Она взяла письмо и начала читать. Я наблюдал за ней, пока она пробегала глазами строки. Её глаза потемнели, и их затуманили слёзы. Она сочувствовала мне, ведь я был всего лишь мальчиком, который нуждался в своей матери.

– Я тебе помогу, – сказала она. – Обязательно помогу.

Есть хорошие, отзывчивые люди, редкo, но они существуют, даже в тяжёлые времена. Они – носители надежды, маленькие маячки в длинном тёмном тоннеле. Мария была ангелом, моим ангелом-хранителем, который отныне постоянно заботился обо мне.

Она устроила так, чтобы меня назначили на менее тяжёлую работу, где дневная норма была немного ниже. Каждый день Мария сопровождала меня на смене, помогала выполнять дневную норму.

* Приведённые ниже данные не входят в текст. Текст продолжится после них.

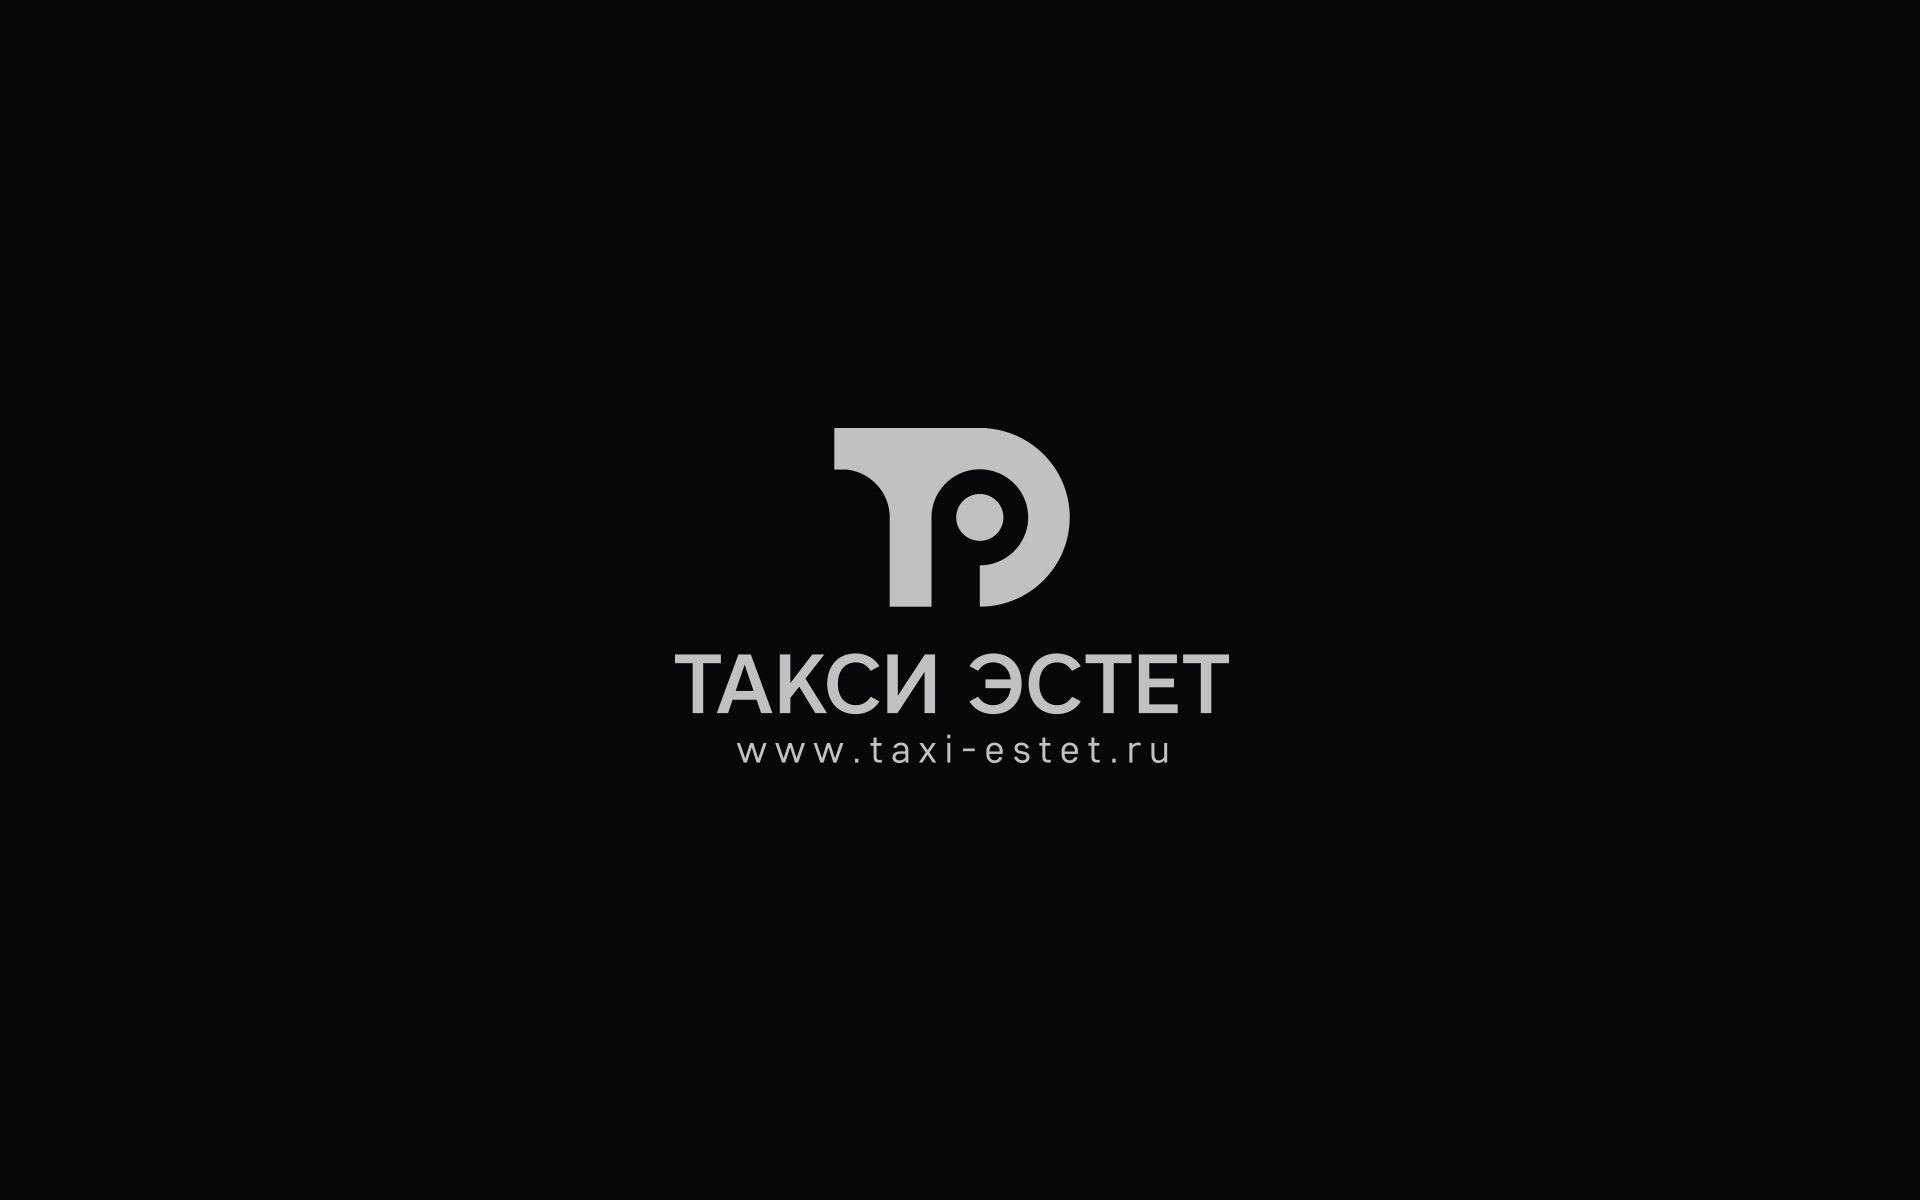 Логотип для taxi-estet.ru - дизайнер U4po4mak
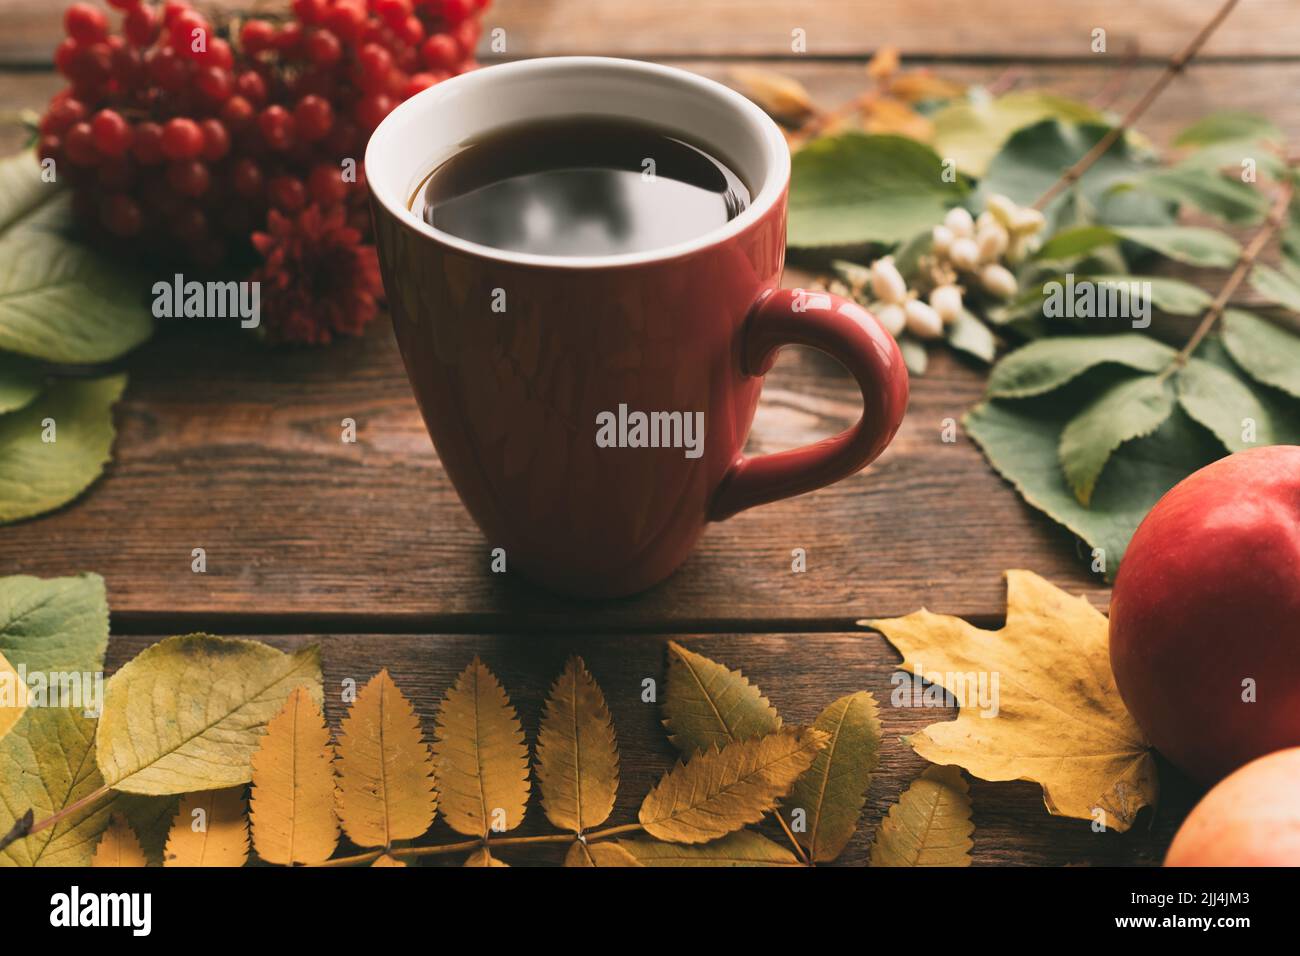 Chauffage de café ou de thé récolte automne bois concept Banque D'Images

Она сделала всё возможное, чтобы я выжил и вернулся домой к своей матери, которая, я надеялся, ещё была жива.

Мысли о матери не давали мне покоя, и я тоже заболел. На моей коже появились болезненные фурункулы, преимущественно в области подмышек.

– У тебя жар, – констатировал еврейский врач, недавно переведённый в лагерь, который в гражданской жизни был учителем. При осмотре он внимательно и скептически смотрел на меня.

– Раздевайся, – приказал он.

Я снял одежду, и он внимательно осмотрел моё тело.

– У тебя фурункулы, – объяснил он. – Это типичное явление при ослабленном иммунитете и недостаточной гигиене.

– Это серьёзно? – спросил я, с тревогой вглядываясь в его лицо.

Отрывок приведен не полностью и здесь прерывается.